Delia gave Socko one last hard hug and turned him loose. “How was your report card, Damien?”
Damien grabbed a burger and shrugged. “Mrs. DeLuca liked me so much she’s gonna keep me in sixth another year.”
“What happened, Damien?” Delia took the Bun Buster out of Damien’s hands and put it on a plate. “You’re a smart kid!” She handed the plate back to him.
“It’s not that big a deal,” Socko said. When it came to giving out free advice about “getting an education,” his mother didn’t know when to quit. “I flunked second, remember?”
“I blame myself for that,” she said.
Socko and his mother had camped at a friend’s place most of that school year, sleeping on the floor. The only good thing was the apartment was near the Y, so he had learned to swim.
With a mother like Louise, Damien was bound to lose a year here and there. This was the second time he’d been held back—and he couldn’t even swim.
“I know it’s tough,” said Delia as the sound of yelling from the apartment below grew louder. “But you just have to work harder!”
“Why?” Damien asked. “It’s not like I’m going anywhere.”
She grabbed his shoulders and gave him a little shake. “What are you talking about? Look at the president! His mom’s white, like yours. His dad’s black, like yours. You’re both skinny—both good looking.” She tried to catch his eye but he looked away.
“Bet he didn’t suck at reading.”
“Aw, baby …”
Socko could tell that his mom wanted to hug Damien, but the burger plate was in the way. Instead she rubbed his arms like she was trying to make his blood move faster. “You gonna do summer school?”
“Can’t. Summer school got cut. No money.”
“It’s canceled for real?” Socko was used to things being cut at home, but at school?
“You’re going to summer school,” Delia said firmly.
“I’m not kidding. There is no summer school.”
“Sure there is.” Delia flattened her palm against the front of her orange and brown smock. “You’re looking at her. Starting tomorrow, we work on your reading.” She turned Damien around and aimed him at the table. “Don’t you dare take a bite of that burger ‘til we’re all at the table. Socko, grab the napkins.”
“I still don’t get why we have to sit at the table and mess up three plates,” Damien complained.

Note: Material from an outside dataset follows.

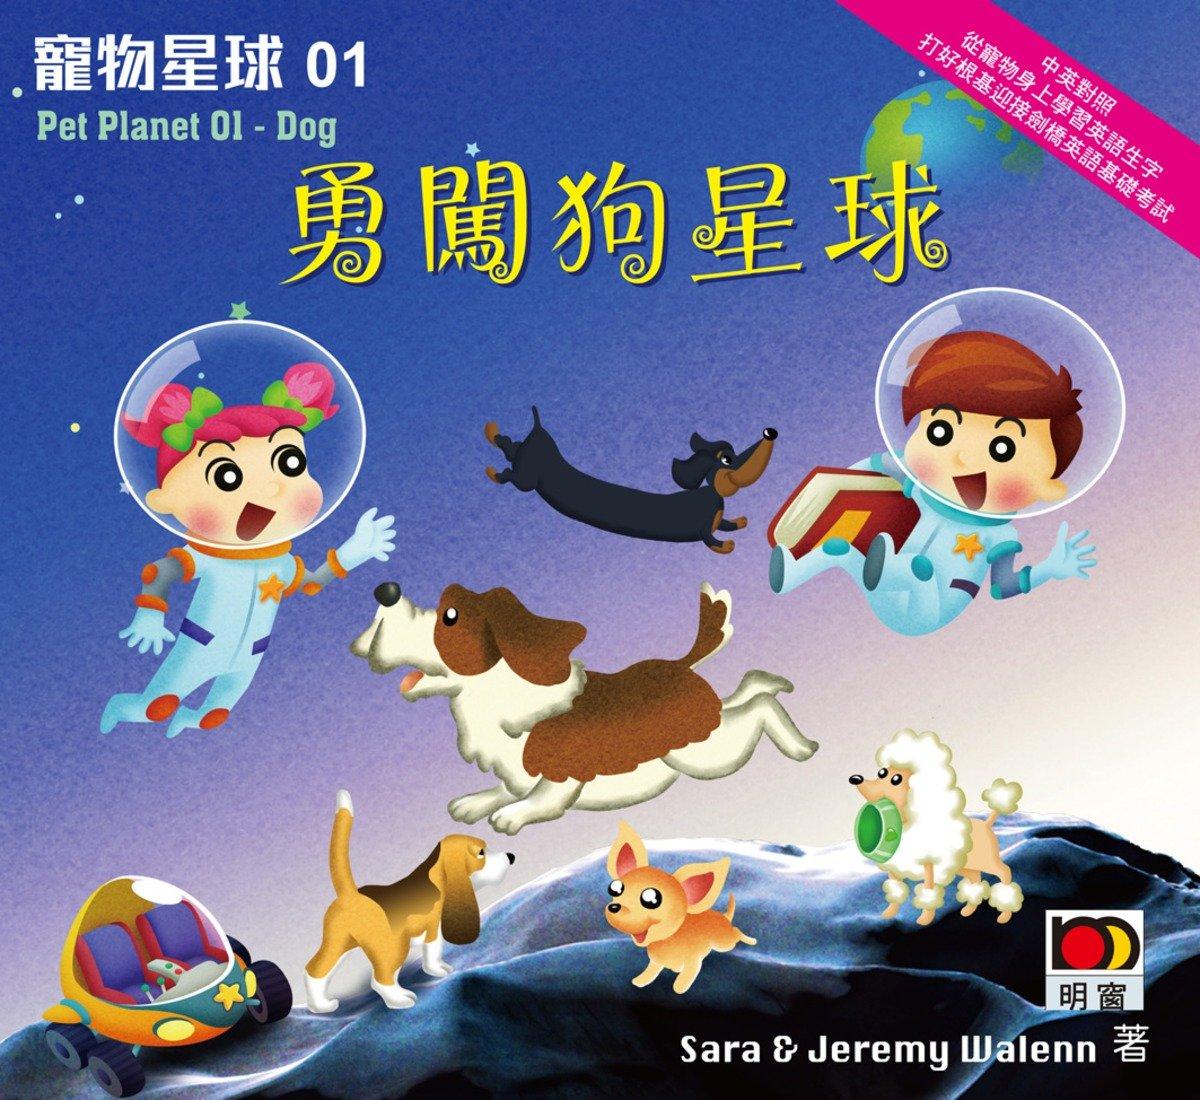 寵物星球01:勇闖狗星球

“Because we’re better than this place,” Delia said. “We have class.”
Socko watched Damien wolf down the last bite of the last burger and suck the ketchup off his fingers. “We got the dishes, Mom,” he said.
“With paper plates we’d be done already,” Damien said, picking up a dish towel.
Delia settled into her taped-up lounge chair. While the boys did the dishes, she read a newspaper left on a table by a customer. Socko’s mother read anything and everything that came her way, even if it was just the back of a cereal box.
When the dishes were done, Socko drained the sink. Damien hung the damp dish towel on the handle of the oven and reclaimed the Superman cap Delia had made him take off at the table. “What now?” he asked.
Delia held up her favorite DVD, Dirty Dancing. “Movie?”
Damien turned away from Delia and faked a silent gag.
“Uh … no thanks, Mom. Think we’ll go up to the roof.”
His mother frowned. If it were up to her, Socko would never leave the apartment. She paid for cable she couldn’t afford so he’d stay inside. She picked at the tape on the arm of her chair. “You sure Rapp and those losers he calls his gang won’t be up there?”
“No, Mom. The roof’s ours.”
At least until Rapp decides it isn’t anymore, Socko added silently.
3
MATH ATTACK
They climbed the metal steps that led from the fifth-floor landing to the roof. “I could use a little help,” said Socko, trying to lift the hatch at the top.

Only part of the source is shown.